35.0 mL of a 0.250 M solution of KOH is titrated with 0.150 M HCl. After 35.0 mL of the HCl has been added, the resultant solution is:

Well, after adding 35.0 mL of the HCl, I hope you had your umbrella handy because things might have gotten a little acidic! The resultant solution is bound to be a bit sour, and definitely not recommended for a refreshing beverage.

To determine the resultant solution after the addition of 35.0 mL of 0.150 M HCl to 35.0 mL of 0.250 M KOH, we need to consider the reaction between these two compounds.

The balanced chemical equation for the reaction between KOH and HCl is:

KOH + HCl -> KCl + H2O

From the balanced equation, we can see that KOH reacts with HCl in a 1:1 ratio. This means that one mole of KOH reacts with one mole of HCl to produce one mole of KCl and one mole of water.

First, let's calculate the number of moles of HCl added to the solution:

Number of moles of HCl = Volume of HCl (in L) * Concentration of HCl

Given that the volume of HCl added is 35.0 mL (which is equivalent to 0.0350 L) and the concentration of HCl is 0.150 M, we can calculate:

Number of moles of HCl = 0.0350 L * 0.150 mol/L = 0.00525 mol

Since the reaction is in a 1:1 molar ratio between KOH and HCl, the number of moles of KOH that reacted is also 0.00525 mol.

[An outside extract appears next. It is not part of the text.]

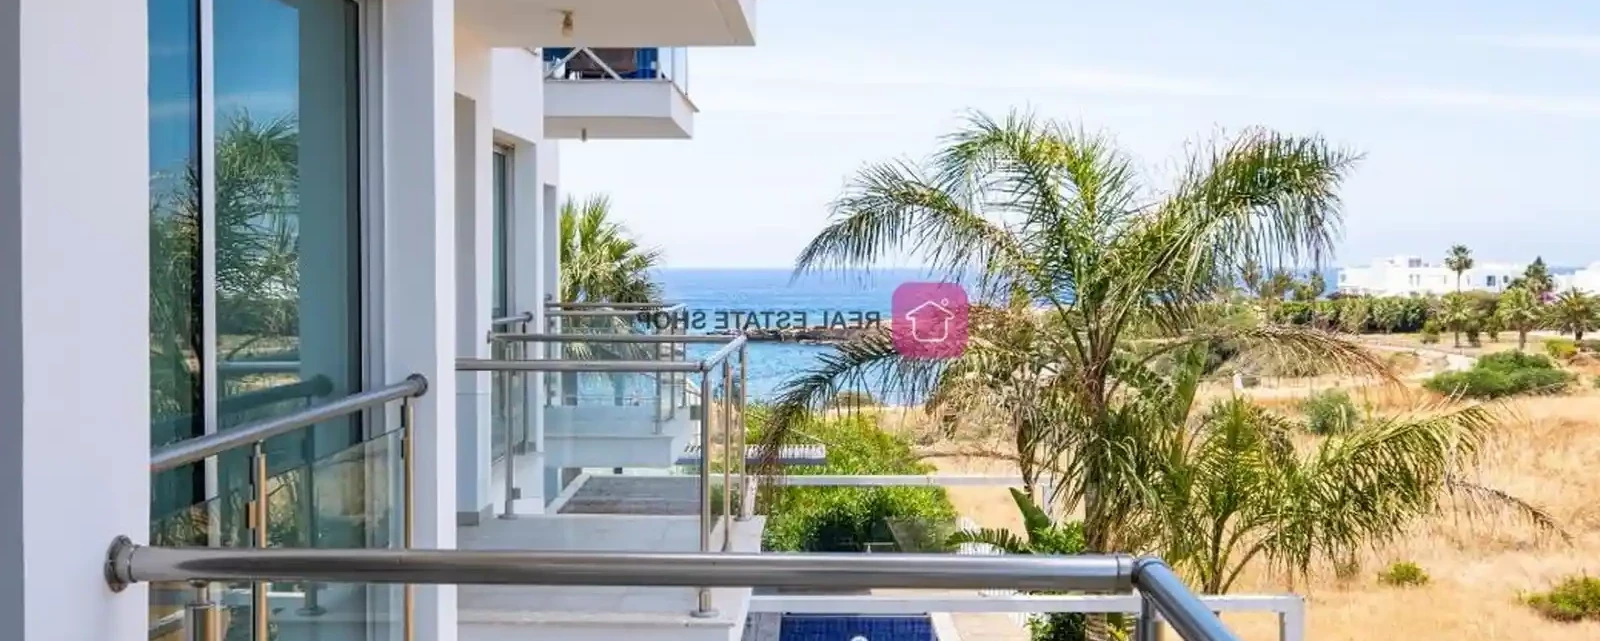 1-bedroom apartment fоr sаle €185.000, image 1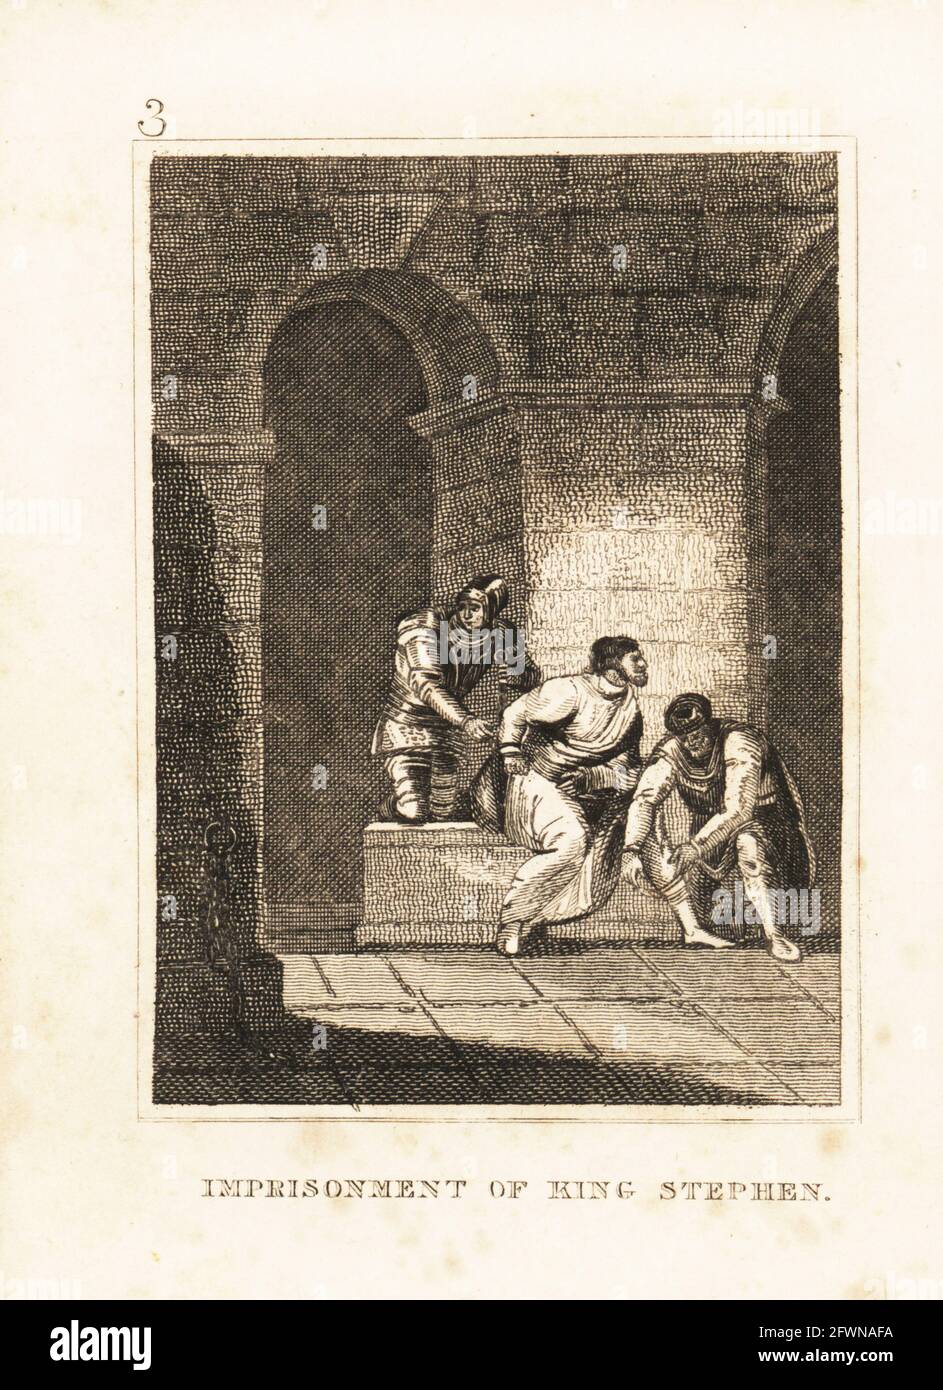 King Stephen in chains in a dungeon in Bristol Castle, 1141. He was captured by Robert Earl of Gloucester and Empress Matilda. Imprisonment of King Stephen. Copperplate engraving from M. A. Jones’ History of England from Julius Caesar to George IV, G. Virtue, 26 Ivy Lane, London, 1836. Stock Photo

Next, let's calculate the remaining moles of KOH in the solution:

Number of moles of KOH remaining = Initial moles of KOH - Moles of KOH reacted

The initial moles of KOH can be calculated by multiplying the volume of KOH (35.0 mL or 0.0350 L) by the concentration of KOH (0.250 M):

Initial moles of KOH = 0.0350 L * 0.250 mol/L = 0.00875 mol

Number of moles of KOH remaining = 0.00875 mol - 0.00525 mol = 0.00350 mol

Finally, let's find the concentration of KOH in the resultant solution:

Concentration of KOH = Number of moles of KOH remaining / Volume of resultant solution

The volume of the resultant solution is the sum of the volumes of KOH and HCl added, which is 35.0 mL + 35.0 mL = 70.0 mL (0.0700 L).

Concentration of KOH = 0.00350 mol / 0.0700 L = 0.0500 M

Therefore, the resultant solution after the addition of 35.0 mL of 0.150 M HCl to 35.0 mL of 0.250 M KOH is a 0.0500 M solution of KOH.

Jake, follow the same procedure I showed you above on your NaOH/HCl titration. Determine if the acid or the base is in excess. That will determine whether the solution at that point is acidic or basic. Post your work if you get stuck.